Paper Banana - AI with Surya channel
https://www.youtube.com/watch?v=MtA7CGOXnko Here is a Markdown summary of the video transcript regarding the PaperBanana framework.
PaperBanana: Automated Academic Illustration for AI Scientists
PaperBanana is a new framework developed by a team at Google and Peking University. It is designed to generate publication-quality diagrams and infographics directly from plain text descriptions, overcoming the limitations of standard one-shot image generation models.
🚫 The Problem with Current Models
Current state-of-the-art models (referred to as Nano Banana Pro in the video) operate on a “one-shot” basis:
- You give a prompt You get an image.
- Issues: If a label is misspelled, a connection is missing, or the color scheme is off, you have to regenerate the entire image and hope for the best.
💡 The PaperBanana Solution: Agentic Workflow
PaperBanana wraps the base image generator in a multi-agent pipeline. It does not just prompt; it plans, executes, and refines.
The 5-Agent Architecture
- Retriever Agent: Finds relevant reference examples to guide the system.
- Planner Agent: Acts as the cognitive core, translating context into detailed layout descriptions.
- Stylist Agent: Enforces aesthetic standards and design guidelines.
- Visualizer Agent: Generates the actual image (uses Nano Banana Pro internally).
- Critic Agent: Reviews the output, critiques it, and sends it back for revision.
The Loop
The system operates on a Generate Critique Refine loop (typically 3 iterations). It self-corrects specific details like arrow direction, color coding, and text labels without needing manual user intervention.
🧪 Demos & Capabilities
1. Transformer Architecture (Sample Input)
The video demonstrated generating a diagram of the Transformer method.
- Result: High fidelity to the actual architecture.
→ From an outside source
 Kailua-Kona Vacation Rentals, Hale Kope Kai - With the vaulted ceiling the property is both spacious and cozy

- Details: Correctly separated Encoder/Decoder layers into different color palettes, used dashed lines for residual connections, and placed “Pre-LN” annotations correctly.
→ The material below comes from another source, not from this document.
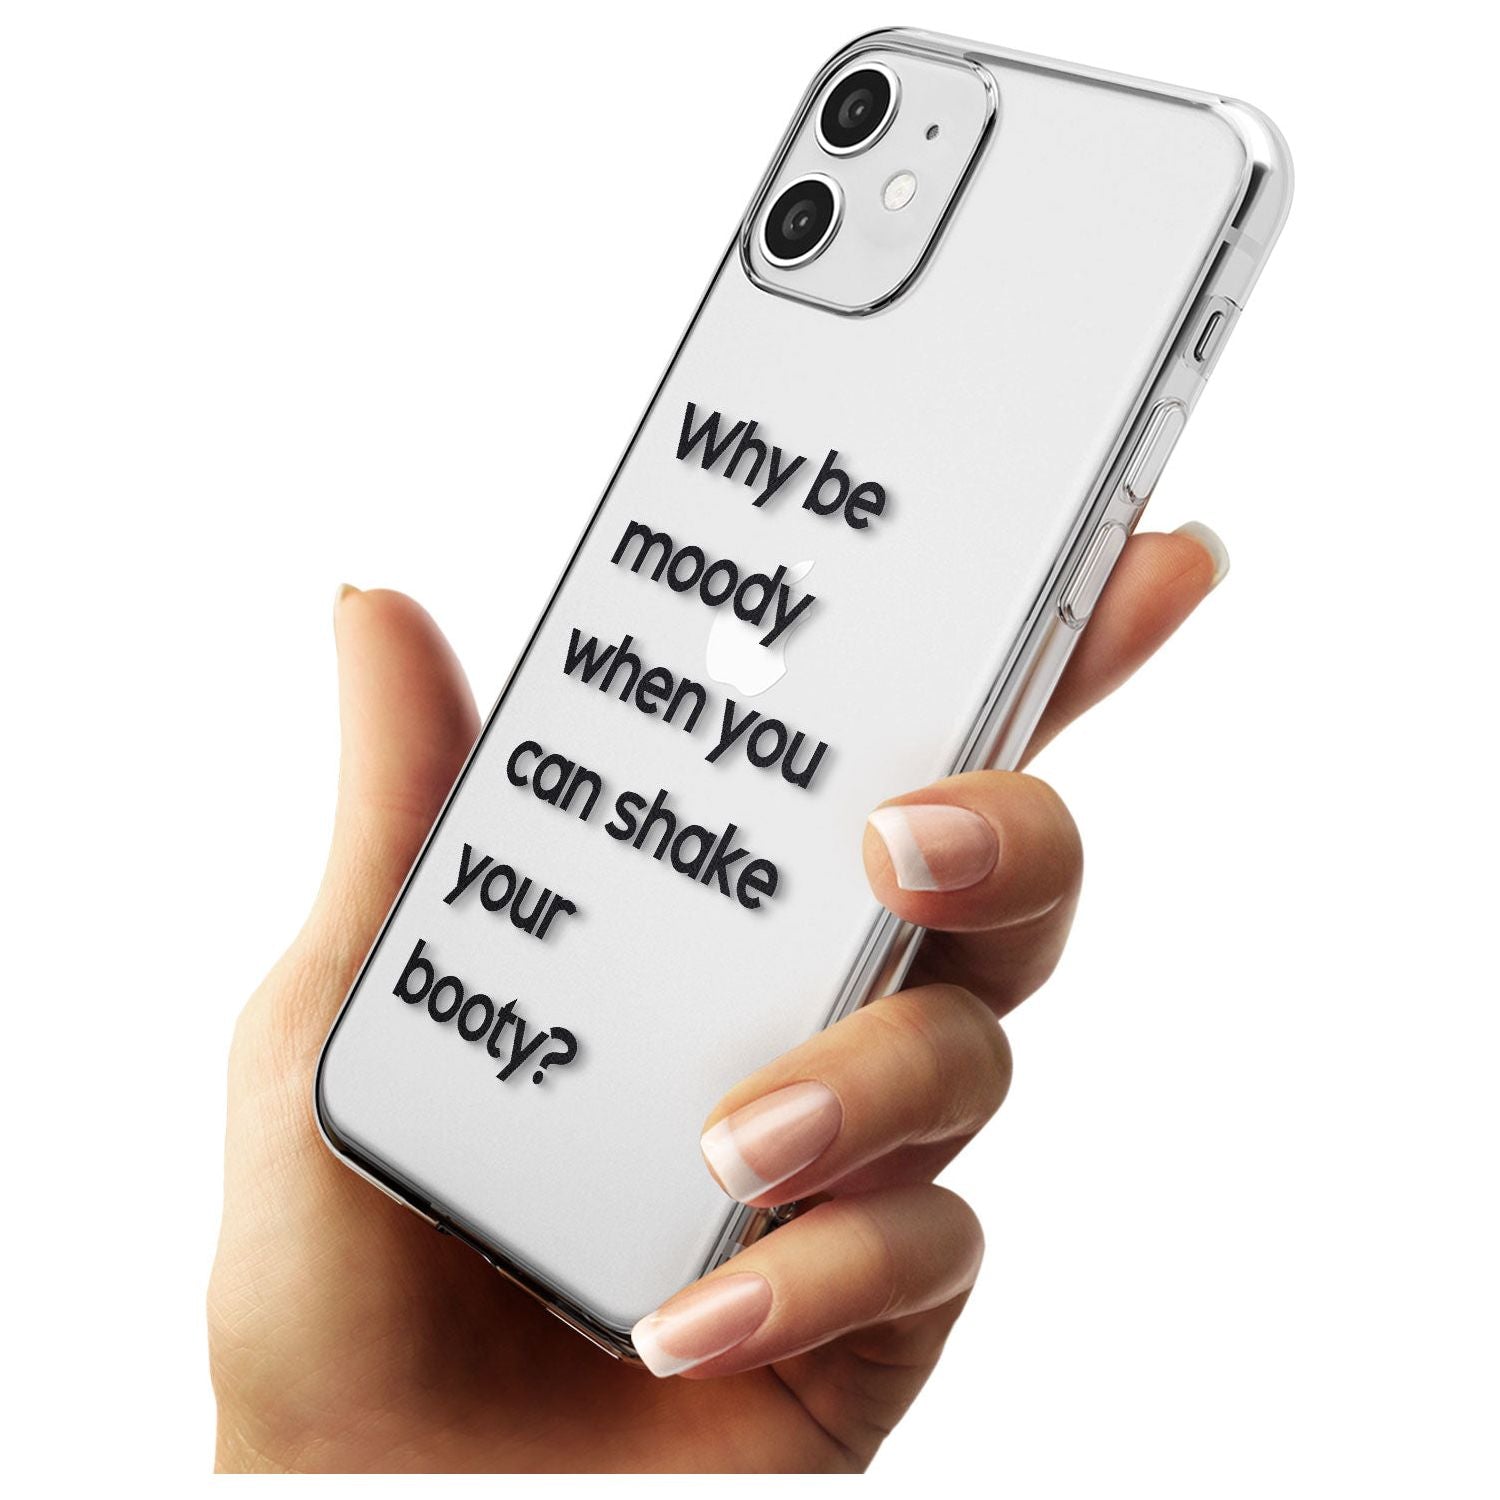 Why be moody? Black Impact Phone Case for iPhone 11

- Process: The system iterated three times, refining the “Sparse Attention Context” arrow and label placement automatically.
2. Google Agent Development Kit (Custom Input)
The presenter fed the system a raw text description of a hypothetical “ADK Agent” system involving orchestration, research agents, BigQuery, and Pandas.
- Result: A complex, professional system design diagram.
- Details: It correctly mapped relationships between the User, Orchestrator, and Sub-agents. It visually represented specific tools (BigQuery, Pandas) and protocols (A2A) mentioned in the text.
📊 Benchmarks & Performance
The paper evaluated the model on four dimensions: Faithfulness, Conciseness, Readability, and Aesthetics.
| Metric | Vanilla Model (One-shot) | PaperBanana (Agentic) | Human Experts |
| Overall Score | 43.2 | 60.2 | N/A |
| Key Finding | Struggled with specifics. | Beats Humans in Conciseness, Readability, & Aesthetics. | Wins only on Faithfulness (Intent). |
🚀 Use Cases
While built for researchers, this technology is applicable to:
- Solutions Architects: System design documentation.
- Product Managers: Feature flowcharts.
- Founders: Pitch deck visuals.
- Developers: Pipeline visualization.
⚠️ Important Notes
- Code Status: The video utilized an unofficial open-source implementation (hosted on GitHub/Antigravity). The official code from Google/Peking University has not been released yet (expected circa Jan 30, 2026).
- Underlying Tech: PaperBanana is a framework/wrapper; it uses existing strong image models (like Nano Banana Pro) to do the actual pixel generation.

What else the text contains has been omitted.